Vier vragenSimon Kuper
‘Het loon van Lionel Messi is niks als je honderden miljarden aan olie in de grond hebt zitten’
Ondanks de pandemie beleeft de transfermarkt geen kwakkelzomer, met de verhuis van Messi en Ronaldo als uitschieters. Is dat nog gezond? ‘De groeiende afkeer van het grote geld zie ik niet bij de fans’, zegt Financial Times-journalist Simon Kuper, auteur van The Barcelona Complex.
De miljoenen vlogen deze zomer weer in het rond. Hakte de coronacrisis niet zwaar in op de clubkassen?
Kuper: “Uiteraard heeft de pandemie de voetbalwereld aangetast, dat kan ook niet anders. Bij de grote clubs komt ongeveer een derde van het inkomen van de toeschouwers. Dat betekent niet dat er iets mis is met de industrie. We weten dat mensen staan te popelen om weer naar voetbalwedstrijden te gaan. De verliezen zeggen niets over de duurzaamheid van de sport. De clubs in Europa die tijdens de pandemie failliet zijn gegaan, zijn op één hand te tellen.”

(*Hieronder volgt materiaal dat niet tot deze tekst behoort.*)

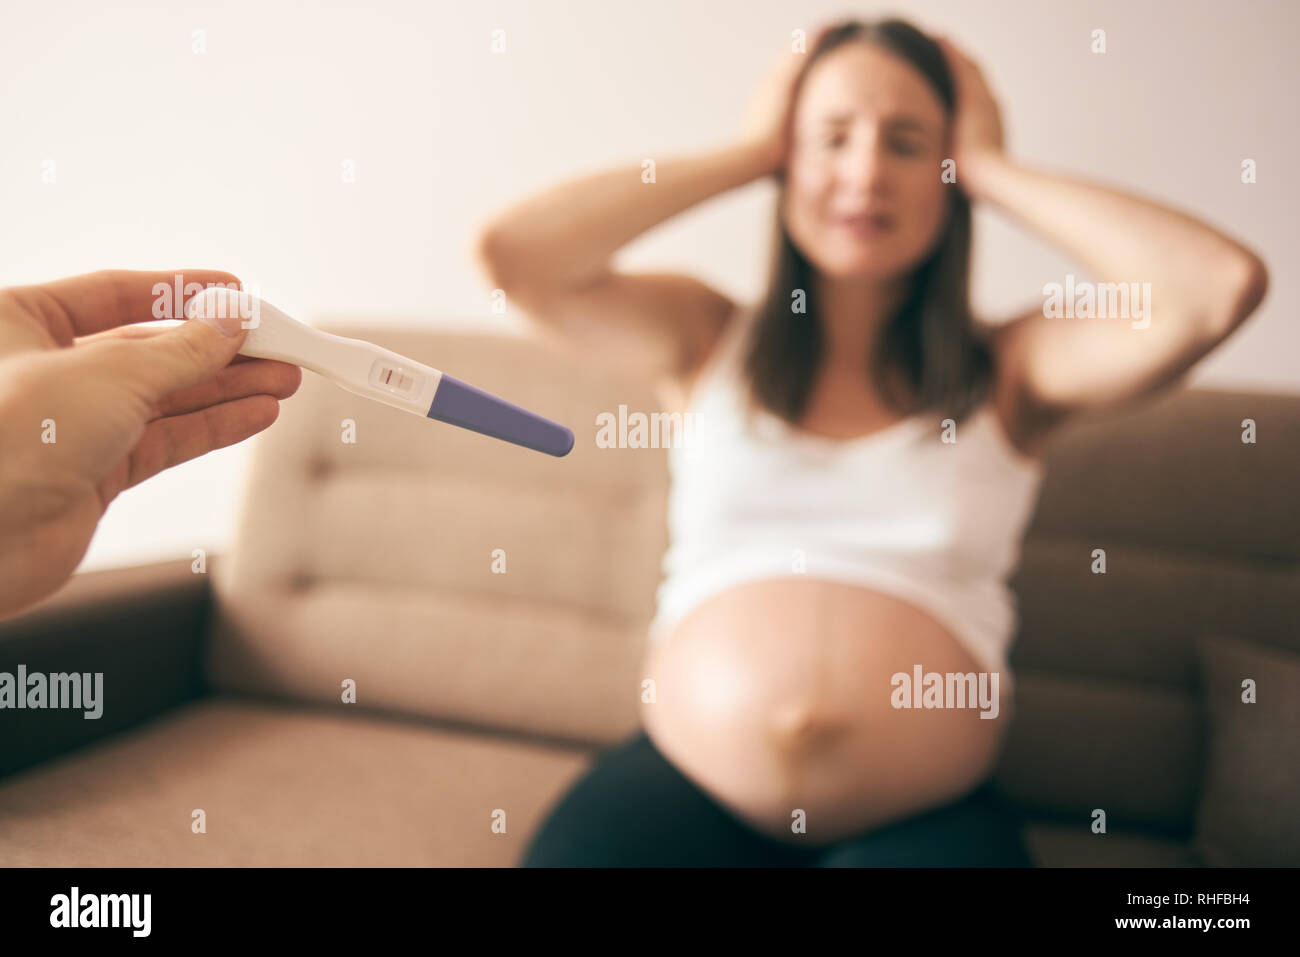 Selective focus of pregnancy test on male hand. Sad pregnant woman in white shirt and in despair and crying sitting on sofa at background. Concept of disappointment and unwanted child. Stock Photo

De twee absolute sterspelers, Lionel Messi en Cristiano Ronaldo, zoeken met respectievelijk PSG en Man United andere oorden op. Een gelukkig toeval of een tendens?
“Beide spelers zijn op leeftijd en erg kostelijk, maar financieel moet je die verhalen loskoppelen van elkaar. Bij Barcelona speelt vooral het wanbeleid op vlak van transfers en salarissen van de laatste jaren. Daardoor is het de enige grote club die met intense geldproblemen kampt. De strenge financiële regels in de Spaanse competitie maakten een verlengd verblijf voor Messi onmogelijk. Bij Juventus en Ronaldo zat de scheiding er sowieso aan te komen.”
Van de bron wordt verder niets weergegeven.